When we got inside he took a photo out of another frame and placed his award inside.

He is so proud, we are so proud. Sometimes its the small things.

Tuesday, 14 August 2012

Back on the Wagon


I fell off the blogging wagon, I can't even blame the Olympics, because I watched about, three hours of it in total. I just kept thinking that I didn't have anything interesting enough to write about. A friend keeps telling me to start blogging again, she tells me that she misses my blog. I thought for a while that I might just stop, I wanted my blog to be big and important, and it wasn't.  As I have thought this over for the last few weeks, waiting for something big and important to come along, I realised the fact that amazing, newsworthy things probably won't happen on a daily basis. My life isn't big and important. There will be times when things happen that are more interesting than others and I have realised that I can still write even when the exciting stuff isn't happening. I live a small and generally uninteresting life, and this is my record of that life.

I was going to write about my new iPhone app, picfx, which I totally love and makes me feel like a professional photographer (see above and below), but just then I saw something more worthy of sharing.


I just went to pick up the clothes that Riley had strewn through the house pre-bath and noticed that he did not wear underpants, again, today. This happens more often than not. Now he did announce that his penis was named Buzza to us a few weeks ago, so I wondered if perhaps that was why he so often went sans undies, but I just asked him and Buzza has nothing to do with it. He just forgets.

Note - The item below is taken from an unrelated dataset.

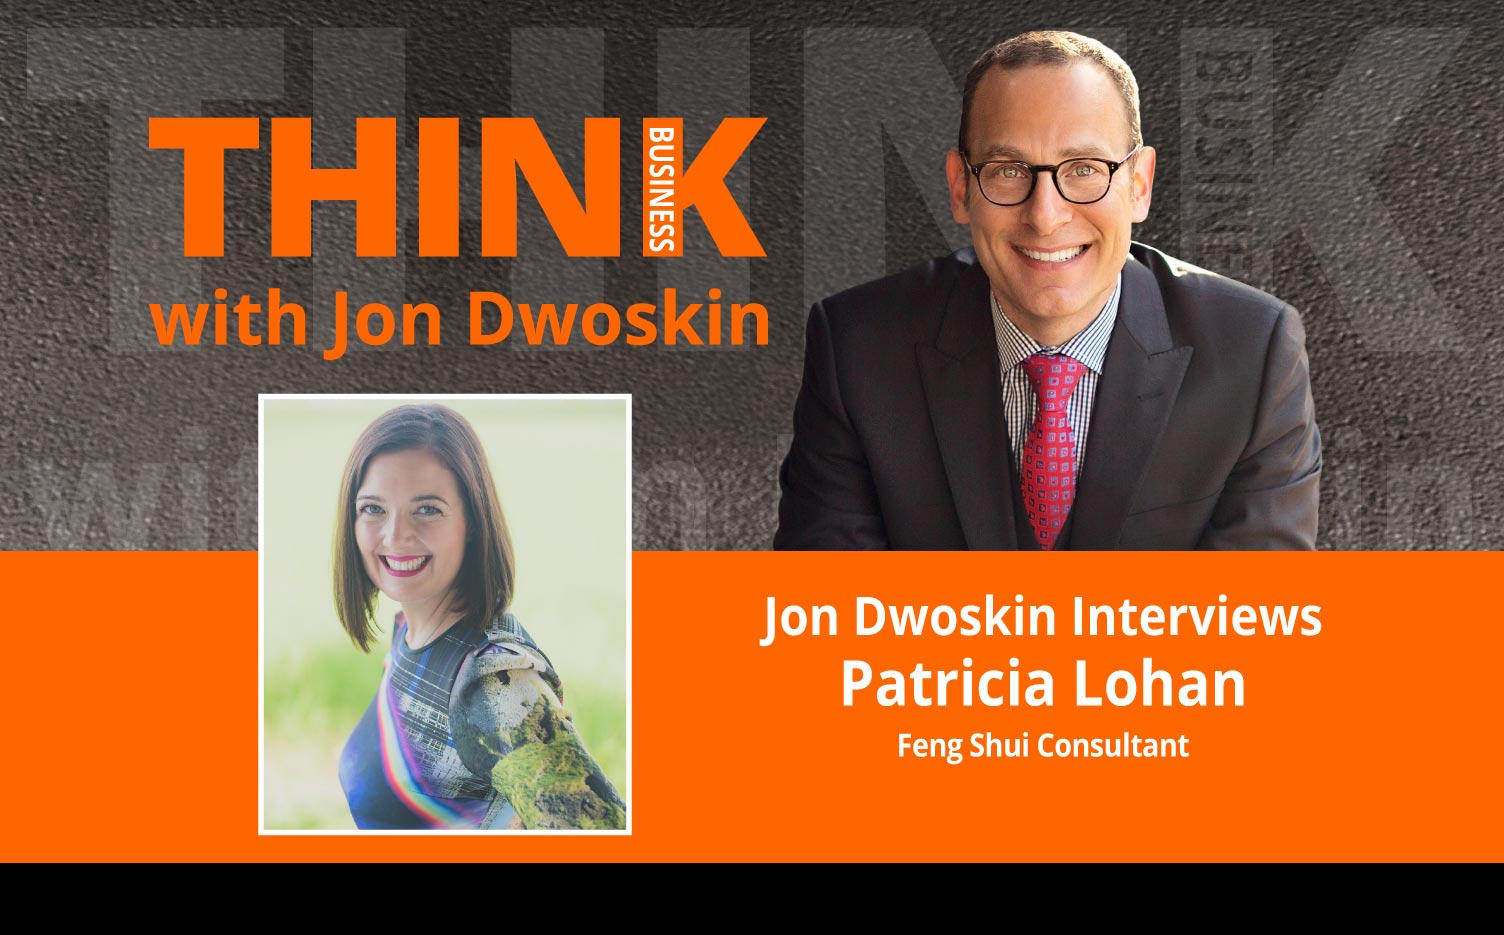 THINK Business Podcast: Jon Dwoskin Interviews Patricia Lohan, Feng Shui Consultant

I did have to tell him to put his polo top on the right way this morning as it was on back to front and he had not realised, so clearly, the fact that he is not wearing undies would not register.

I still have the occasional dream about turning up at school and discovering that I have no top or bra on, this dream was quite common through high school and uni. I now fear that one day Riley's pants may be pulled down at school and the kids around will discover that it was just him and Buzza in those pants, no undies! My child struggles enough, we would definitely have to change schools, again, if that happened.